Чем дальше шла Валя, тем дорога впереди казалась длиннее, тем тяжелее малыш. Мишутка подрос. Рука устала, затекла, он всё время сползал. Она подбрасывала его кверху, сажала поудобнее, поддерживала рукой за спину. «Еще долго шагать, – уже с грустью думала она, – наш участок под самыми Черемушками». Хотелось есть и пить. Солнце высоко поднялось в белесом скучном небе. Она расстелила мешок около дороги, села на него, вытянув усталые ноги. Посадила Мишутку на колени. Достала бутылочку с овсяной кашей. Сын обхватил ее ручонками и, причмокивая, посвистывая, сосал. «Отдохну немного, – думала, и тут же новая мысль: – нельзя долго сидеть, надо успеть засветло вернуться домой».

Сытый ребенок уснул, стал еще тяжелее. «Сергей с виду только сердитый, а на самом деле добрый, – думала она, – но уж очень компанейский. Быстро сходится с людьми и всегда готов отдать им последнюю рубаху. Его любят за это».

Бесхитростный и доверчивый – легко поддается влиянию других. Вот завел друга и забыл про жену с ребенком, живущих у матери. Конечно, он не думал, что ей там плохо. Зачем на него сердиться? Думал, в семье сыта будет. «Эх, Сережа, Сережа!» Вчера ночью он разбудил ее:

– Смотри, что я принес. На профсоюзной конференции был буфет, и вот давали по двести грамм хлеба без карточек, – он развернул газету, где лежал небольшой кусочек землистого клейкого хлеба. От запаха его у Вали свело скулы. Она отщипнула небольшую крошку и положила в рот. Обильно поливая слюной, жевала, смакуя, наслаждаясь жидкой кисловатой кашицей. В комнате холодно, еще не топила. Натянула одеяло на голову, сон морил. Закрыла слипающиеся сном глаза. Так и уснула с хлебом в руке. Как Сергей разжал ее пальцы и положил его на стол, Валя не слышала. Утром ее рано разбудил плач сына. Сергея уже не было – ушел на завод.
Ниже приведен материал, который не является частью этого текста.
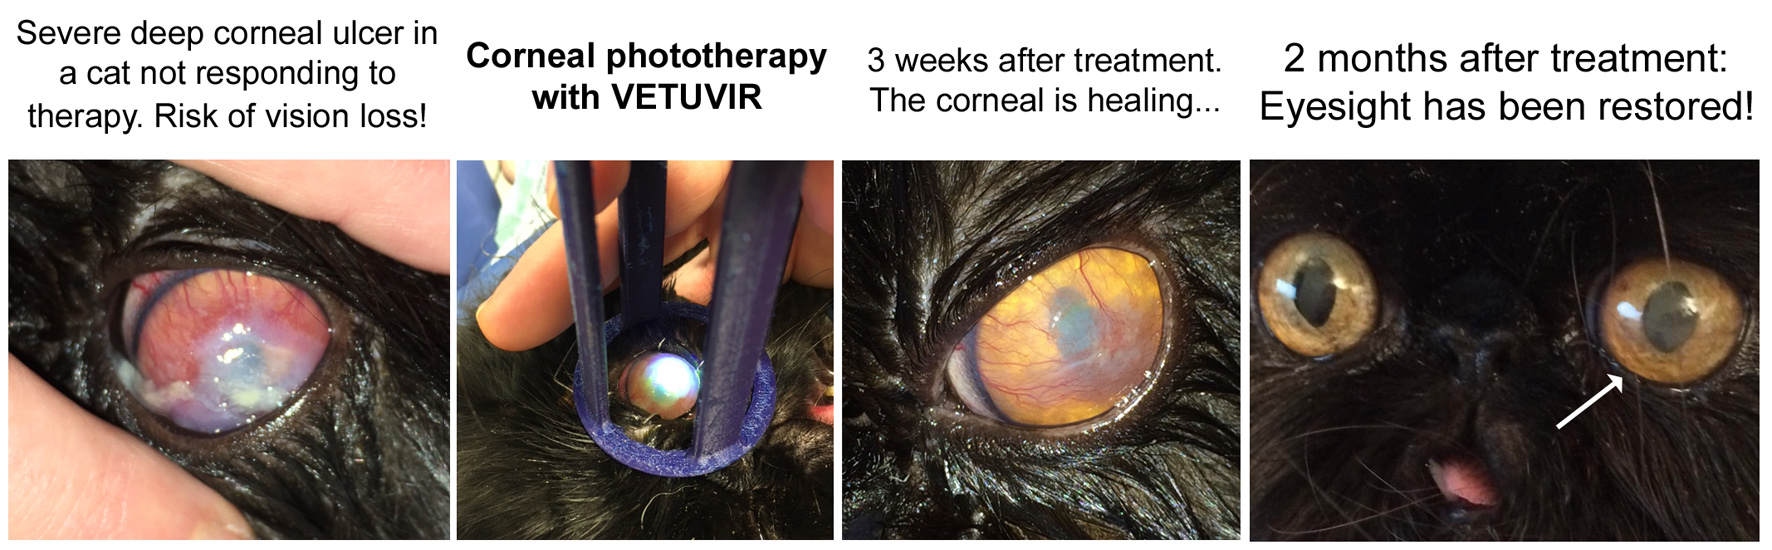 Effective treatment of corneal ulcers in cats using VETUVIR

Она поправила сползающего ребенка, подняла повыше на плечо. Продолжала думать: «Как не вовремя родился сынишка. Война, все работают, воюют, а она оказалась из-за него за бортом, в стороне от всех дел. Куда его маленького девать? Перед отъездом заикнулась свекрови, но та строго ответила: «На меня не рассчитывай! Я своих детей растила сама, не подкидывала их в чужое гнездо, как кукушка, на чужую шею, и тебе советую самой выхаживать. Раньше надо было думать!»

Надеялась на ясли – не получилось, с институтом тоже отсрочка. Что делать? Ничего не поделаешь. «Он тоже ни в чем не виноват, ее маленький. Вот спит себе на плече, даже слюнку пустил, румяную щечку отлежал. Неудобно, наверное, не в кроватке, спит сидя, тоже терпит трудности», – думала она с нежностью.
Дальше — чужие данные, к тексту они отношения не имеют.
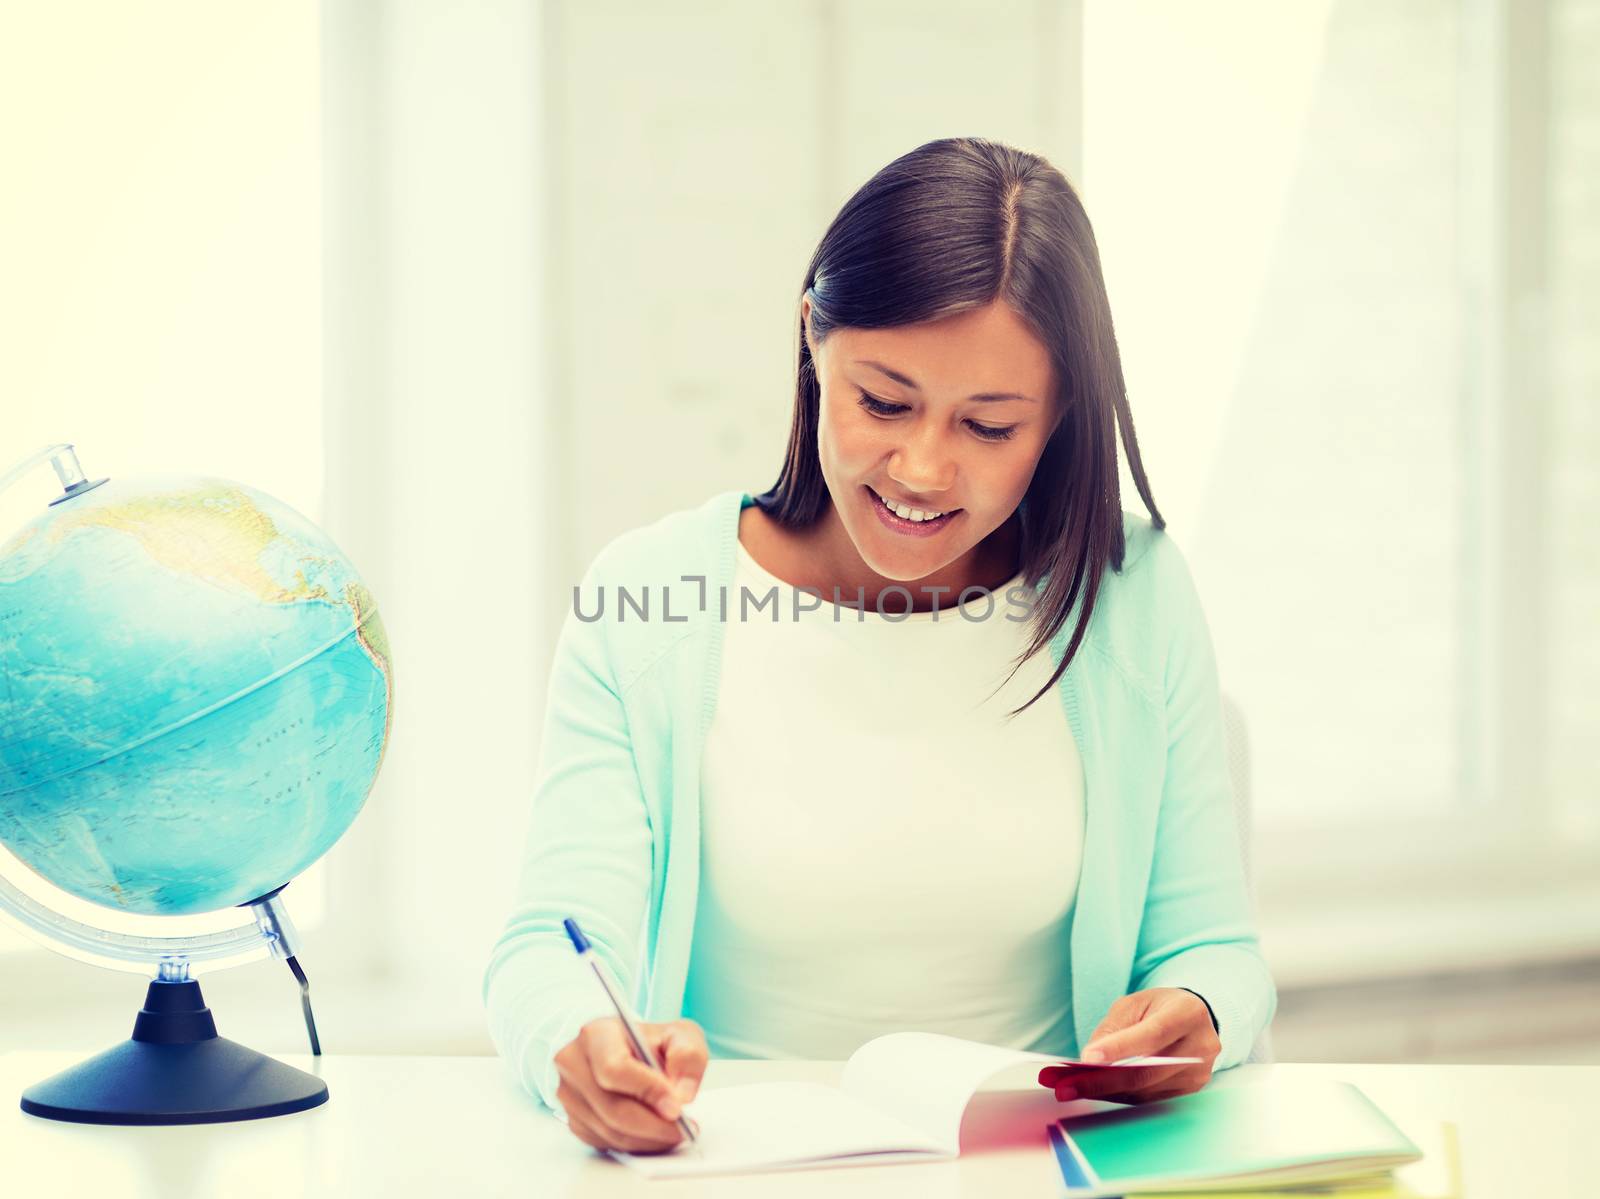 education and school, travel concept - female teacher with globe and notepad

Усталая, еле дошла до участка. Сын проснулся, таращил глаза. Посадила его на мешок. Опустилась на землю, поглаживая затекшие руки. Опрокинулась на спину, раскинув ноги, облегченно опустила веки. «Как хорошо, вот так бы уснуть… Нельзя, надо вставать!»

Расплавленное большое солнце текло в зените. «Ишь, как светит на прощание, но уже не греет», – зябко поежилась. Сын морщился, шевеля грязными губенками, грязь стекала по подбородку. В руке держал обмусоленный комок земли.

– Глупенький, разве ее едят? Несмышленыш, все тянешь в рот, – говорила Валя нежно, вытирая рот и руки сына пеленкой.

Нашла в борозде спрятанную Сергеем лопату и тут вспомнила, что спички она все-таки забыла. «Сейчас можно было бы собрать сухой травы, ботвы и испечь картошки». Есть очень хотелось. Кроме вчерашнего кусочка хлеба, ничего не ела. Обтерла мешком длинную розовую картофелину и жадно вонзила зубы в нее. Картошка сочная, белая, похрустывала на зубах. Валя съела три штуки, почему-то затошнило, но сил прибавилось. Накопала полмешка, привязала к углам веревку петлями с обеих сторон, подняла на спину. «Не дойду обратно, – испугалась этой мысли. – Надо дойти. Надо! Обязательно дойду».

Тяжелый мешок тянул, лямки впились в плечи. Она подоткнула под веревки пеленки, боль стала меньше. Словно не картошка лежала в мешке, а пудовые булыжники. От усталости и голода пошатывало, дрожали ноги. Вспомнила: давно читала чей-то рассказ, боксер не мог победить, потому, что не хватало сил, вот если бы он съел кусок мяса… Вот и у нее нет сил, было бы легче дойти, если б съела кусок мяса, да что там мяса, кусочек хлеба. Какой вкусный был хлеб утром. Валя голодно глотнула слюну. А до войны продавали в магазинах пирожные… Странно, ей не хочется этих воздушных, с белыми башенками крема пирожных. Хочется кусочек кисловатого черного хлеба. Валя опять голодно глотнула. Кусочек хлеба, даже от мысли о нем вроде прибавилось сил. Интересно, она не мечтает о вкусных пирогах и кулебяках, о пельменях, хочется только кусочек хлеба, слышит его запах, и вкуснее его сейчас, кажется, ничего нет на свете. Но, как говорит Сергей: «Это не вопрос». У нее есть полмешка картошки, сварит ее и горячую, белую, сахаристую, будет есть, обжигаясь. У Вали от голода и этих мыслей больно сжимало желудок.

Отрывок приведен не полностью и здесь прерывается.